Yes.  That's why I suggesting doing a single buffer allocation at the 
start and using it for each I/O transfer.  (But I'm not familiar with 
this code, and I don't know if there might be multiple transfers going 
on concurrently.)

> moving the query_buf to the begin of the struct / align it?

No, thank won't work either.  The key to the issue is that while some 
memory is mapped for DMA, the CPU must not touch it or anything else in 
the same cache line.  If a field is a member of a data structure, the 
CPU might very well access a neighboring member while this one is 
mapped, thereby messing up the cache line.

Alan Stern
Sebastian Andrzej Siewior Oct. 14, 2020, 4:44 p.m. UTC | #5
On 2020-10-14 12:34:25 [-0400], Alan Stern wrote:
> On Wed, Oct 14, 2020 at 06:27:14PM +0200, Sebastian Andrzej Siewior wrote:
> > On 2020-10-14 12:14:33 [-0400], Alan Stern wrote:
> > > Instead, consider using the new usb_control_msg_recv() API.  But it 
> > > might be better to allocate the buffer once and for all.
> > 
> > This will still allocate and free buffer on each invocation. What about
> 
> Yes.  That's why I suggesting doing a single buffer allocation at the 
> start and using it for each I/O transfer.  (But I'm not familiar with 
> this code, and I don't know if there might be multiple transfers going 
> on concurrently.)

There are no concurrent transfer. There is a bit used as a lock. The
first one does the transfer, the other wait.

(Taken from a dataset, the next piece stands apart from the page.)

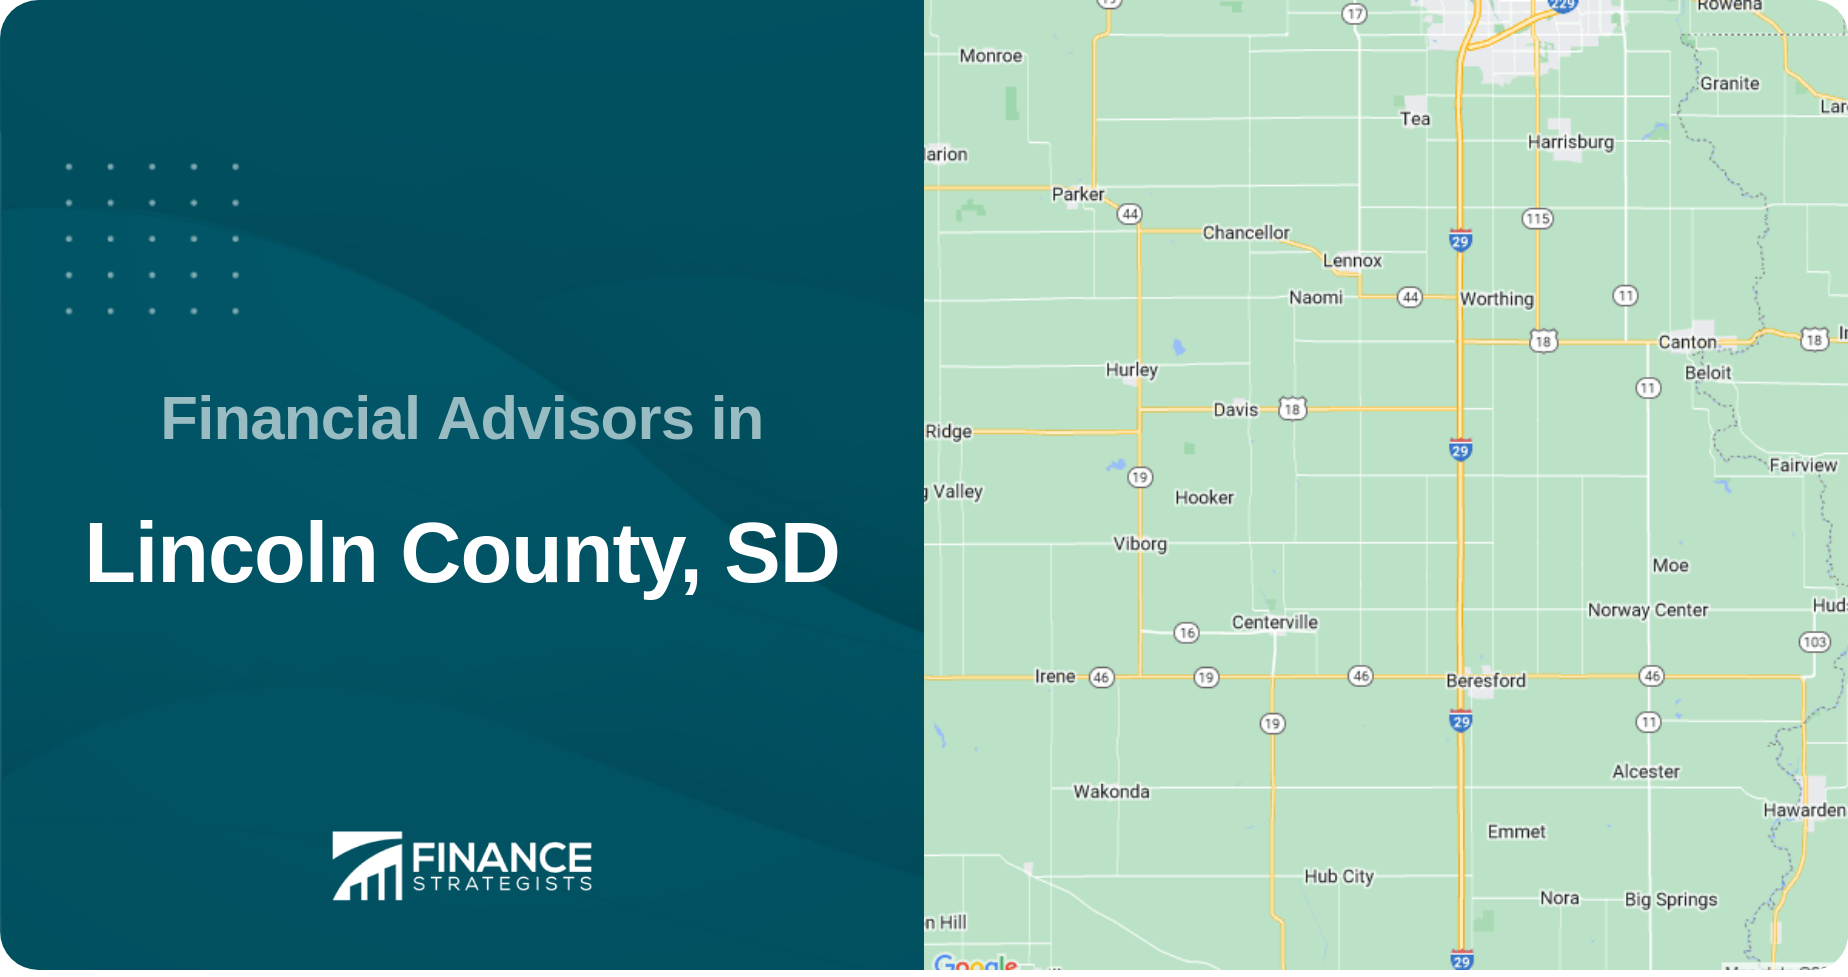 Financial Advisors in Lincoln County, SD

> > moving the query_buf to the begin of the struct / align it?
> 
> No, thank won't work either.  The key to the issue is that while some 
> memory is mapped for DMA, the CPU must not touch it or anything else in 
> the same cache line.  If a field is a member of a data structure, the 
> CPU might very well access a neighboring member while this one is 
> mapped, thereby messing up the cache line.

that is unfortunately true. Let me do the single buffer.

> Alan Stern

Sebastian
Pavel Machek Oct. 23, 2020, 8:01 a.m. UTC | #6
> The usage of such constructs in USB is rather limited. Most of it is in
> debug code and (misleading) comments. But of course there are also a few
> few bugs including one unfixable.

The "UBS" typo in the subject got me confused for a while.